② Using the wrong primitive
Common mistakes:
- Using KV for session data that changes frequently → rate-limited to 1 write/key/second.
- Using D1 for binary blobs → bloated rows, slow queries.
- Using a Durable Object for stateless workloads → pinned to one region, losing the edge advantage.
- Using R2 for small metadata that needs to be queried → list operations are slow.
The decision tree above is a first guide. When unsure, start with D1 + KV and scale when you hit a bottleneck.
③ Storage without Identity
// WRONG
async fetch(request, env) {
if (url.pathname === "/api/user") {
const id = url.searchParams.get("id");
return Response.json(await env.DB.prepare("SELECT * FROM users WHERE id = ?").bind(id).first());
}
}
No identity check → anyone can view any profile. Storage must always come after Identity, never before or in parallel with it.

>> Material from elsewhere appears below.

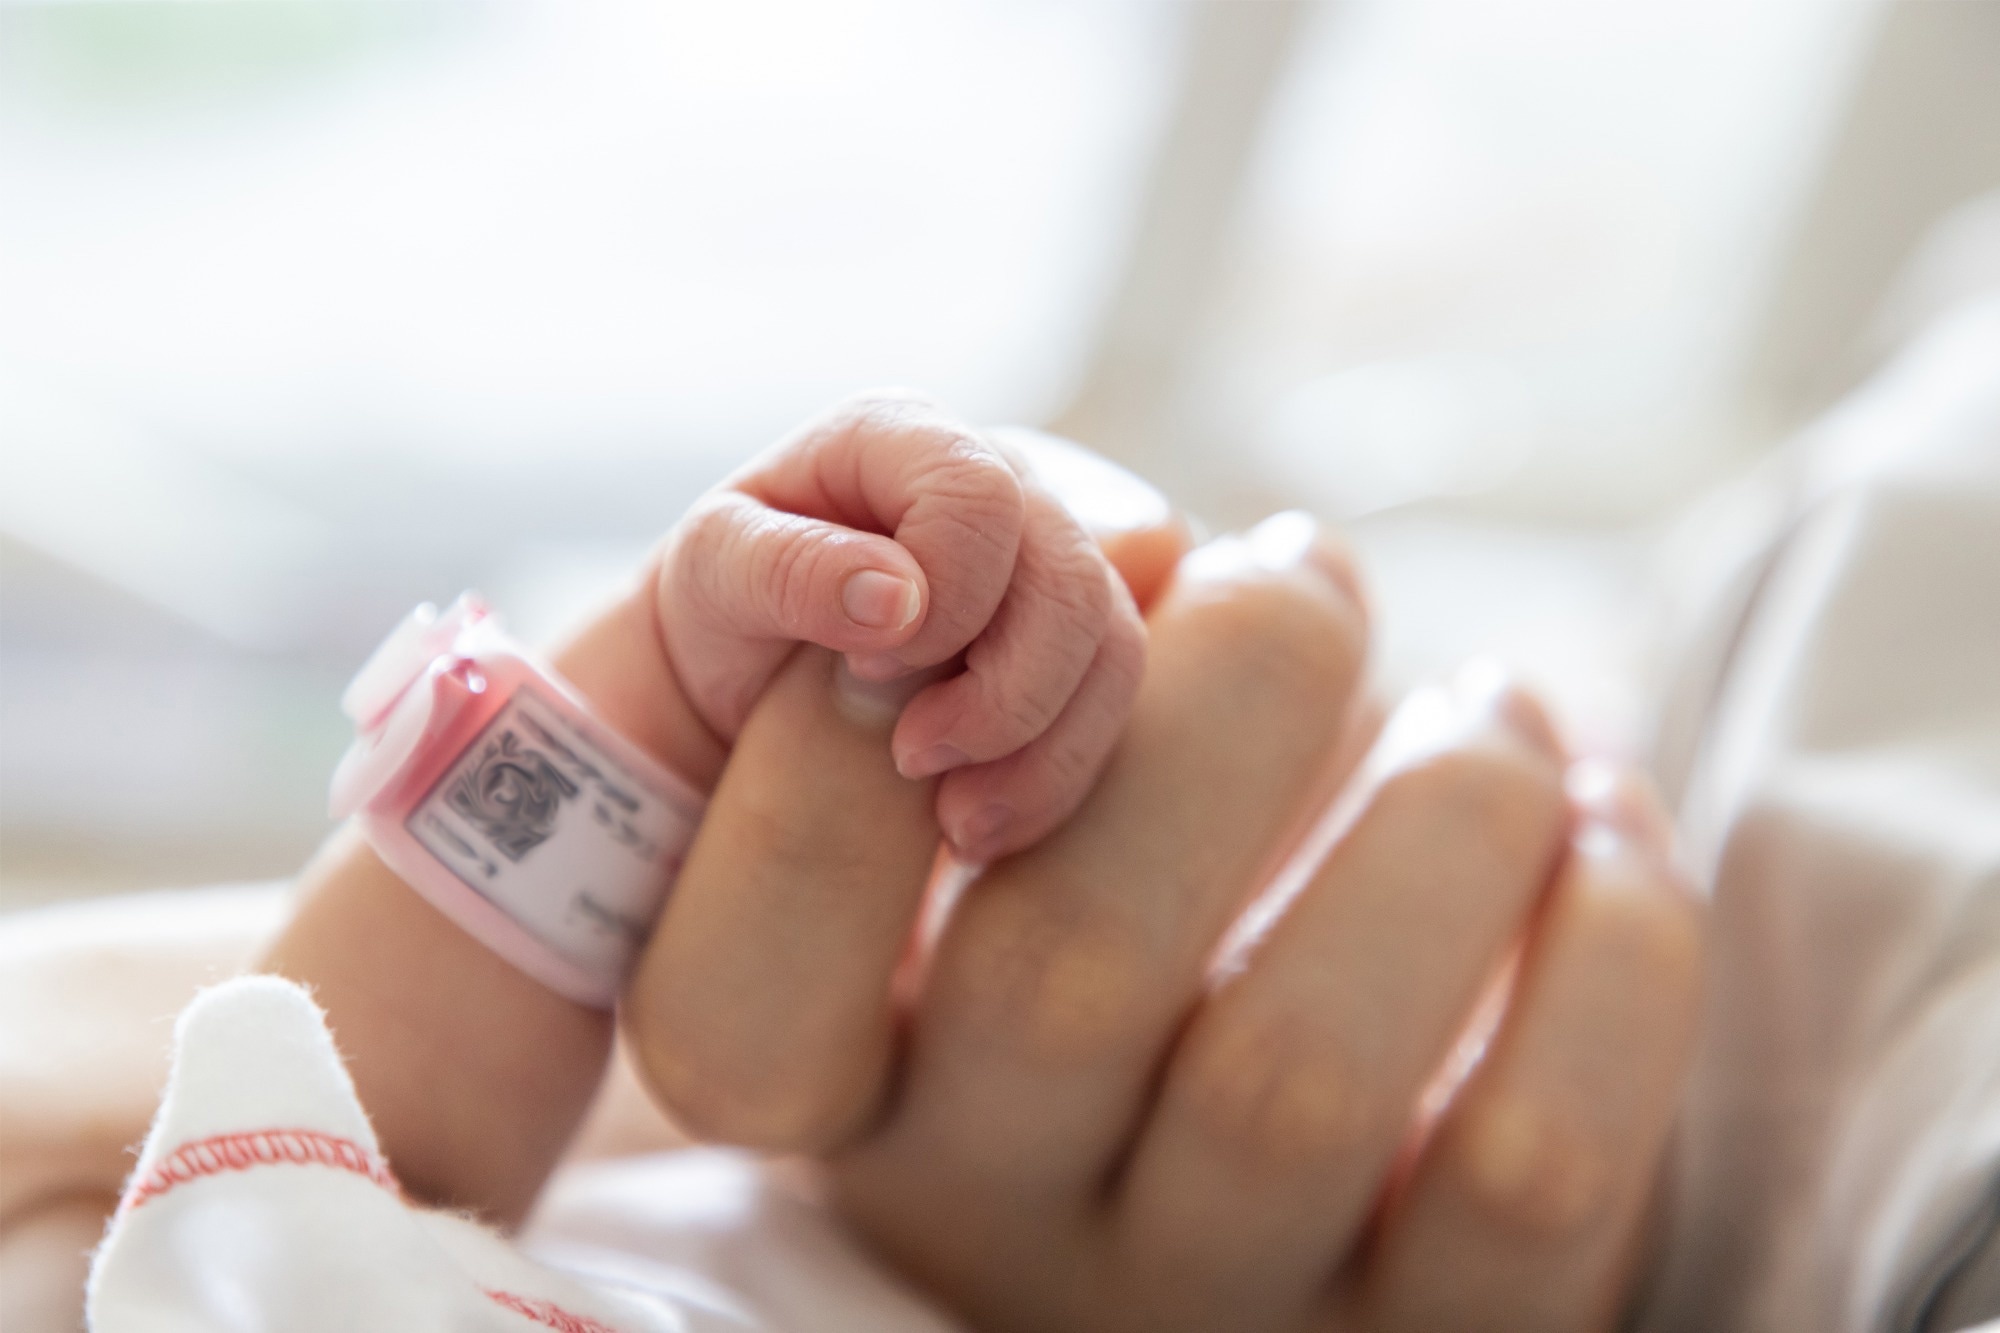 Study: Human Milk Calorie Guide: A Novel Color-Based Tool to Estimate the Calorie Content of Human Milk for Preterm Infants. Image Credit: Ratchat / Shutterstock
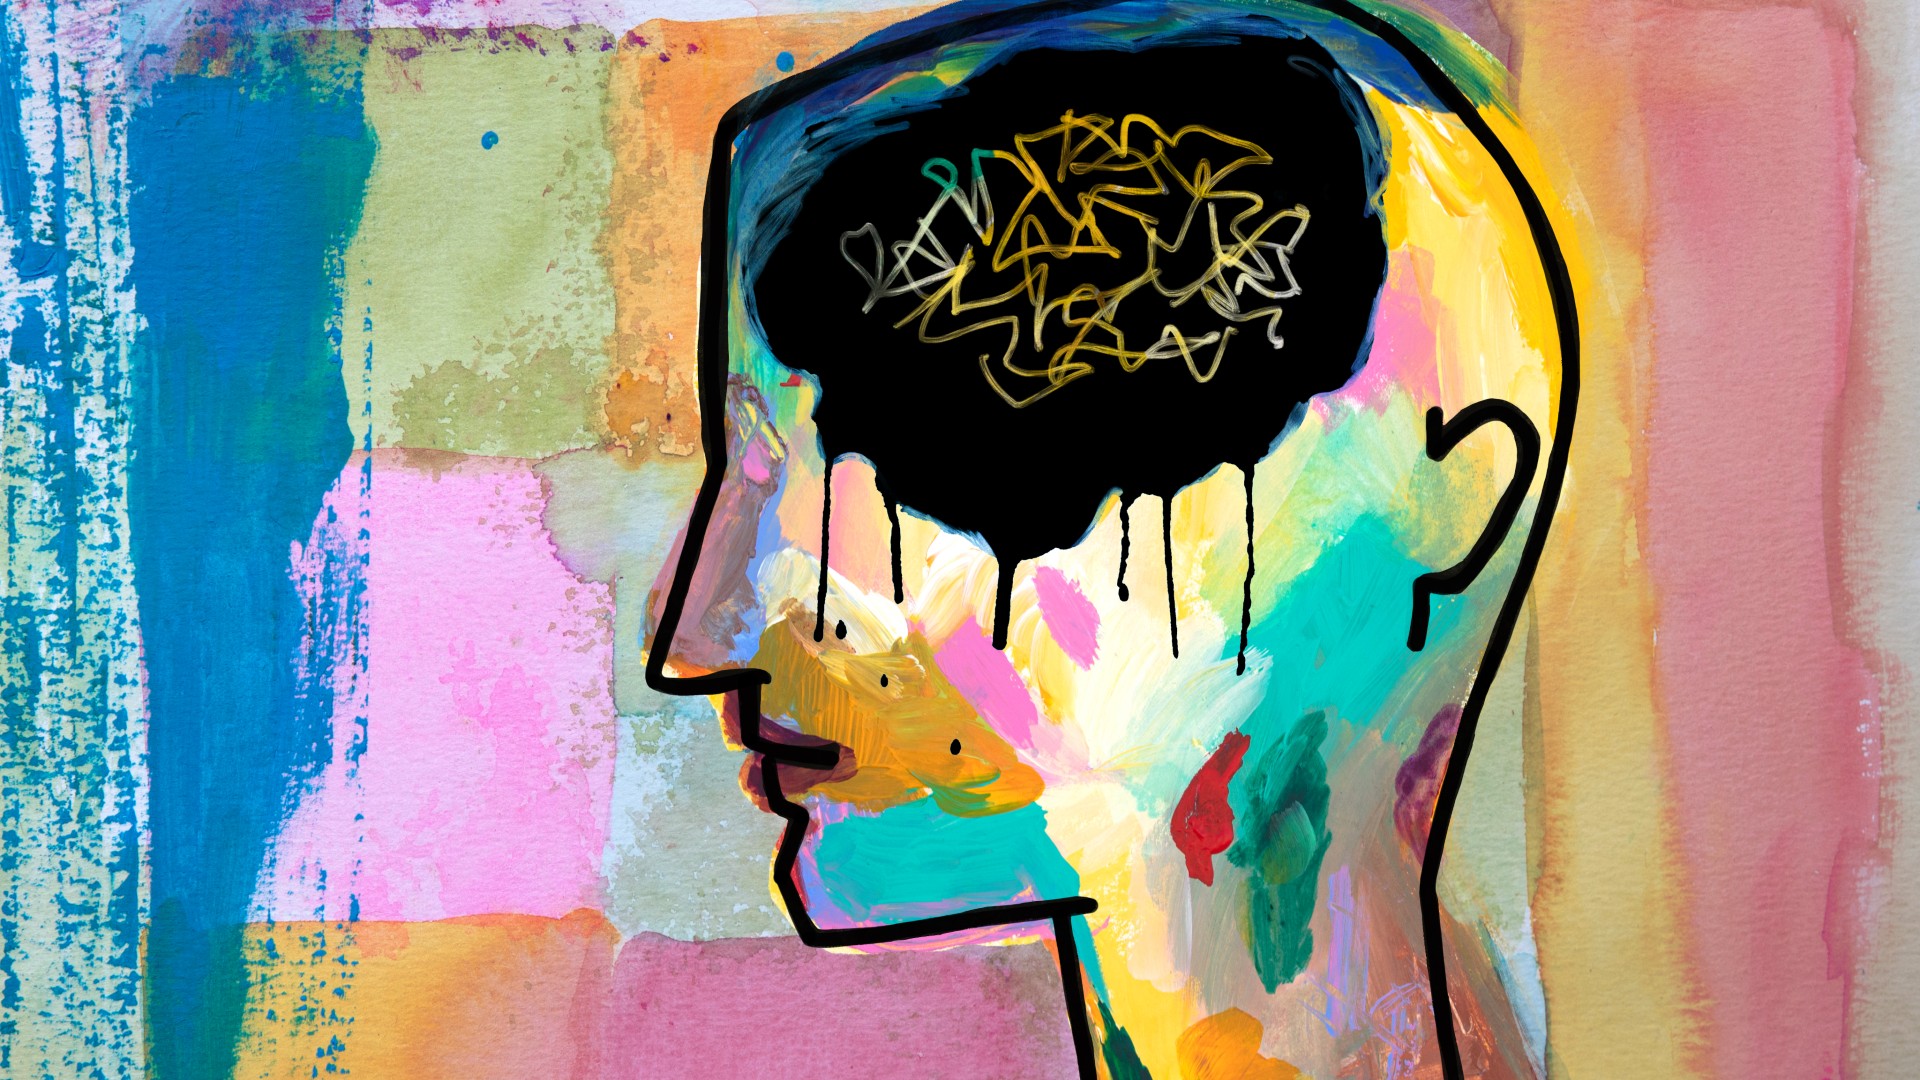 A colorful conceptual image showing the outline of a person's head with their brain colored black and dripping like paint to symbolize pain

④ Caching Identity results wrong
// WRONG
const cachedClaims = new Map<string, Claims>();
async function verifyJwt(jwt: string) {
if (cachedClaims.has(jwt)) return cachedClaims.get(jwt);
// ...
}
A module-level Map doesn’t survive across requests (Part 2). And caching JWTs for too long is a security risk (revocation stops working). Use KV with a short TTL (60s) or re-verify every request.
Production checklist
- The Worker decomposes cleanly into 3 layers on an architecture diagram.
- Every endpoint has an explicit Identity mechanism (including “public” — write it explicitly).
- Identity is verified before Storage is touched, never inline.
- Every Storage choice has a reason (not “because KV was easiest”) that matches the decision tree.
- Secrets go through
wrangler secret put, never hardcoded or in plain env vars. - OIDC federation is preferred for workload-to-workload auth; no long-lived keys.
- Logging distinguishes the 3 layers (request received, identity verified, storage op done).
Wrap-up
The 3-binding mental model is the recurring frame for every post in the series. Part 4 goes into the concrete dev loop: Wrangler, Miniflare, local dev, testing with vitest.
From Part 5 onward we dive into the Storage layer: KV, D1, R2, Queues, Durable Objects. Each post will have real code and real gotchas from building this blog.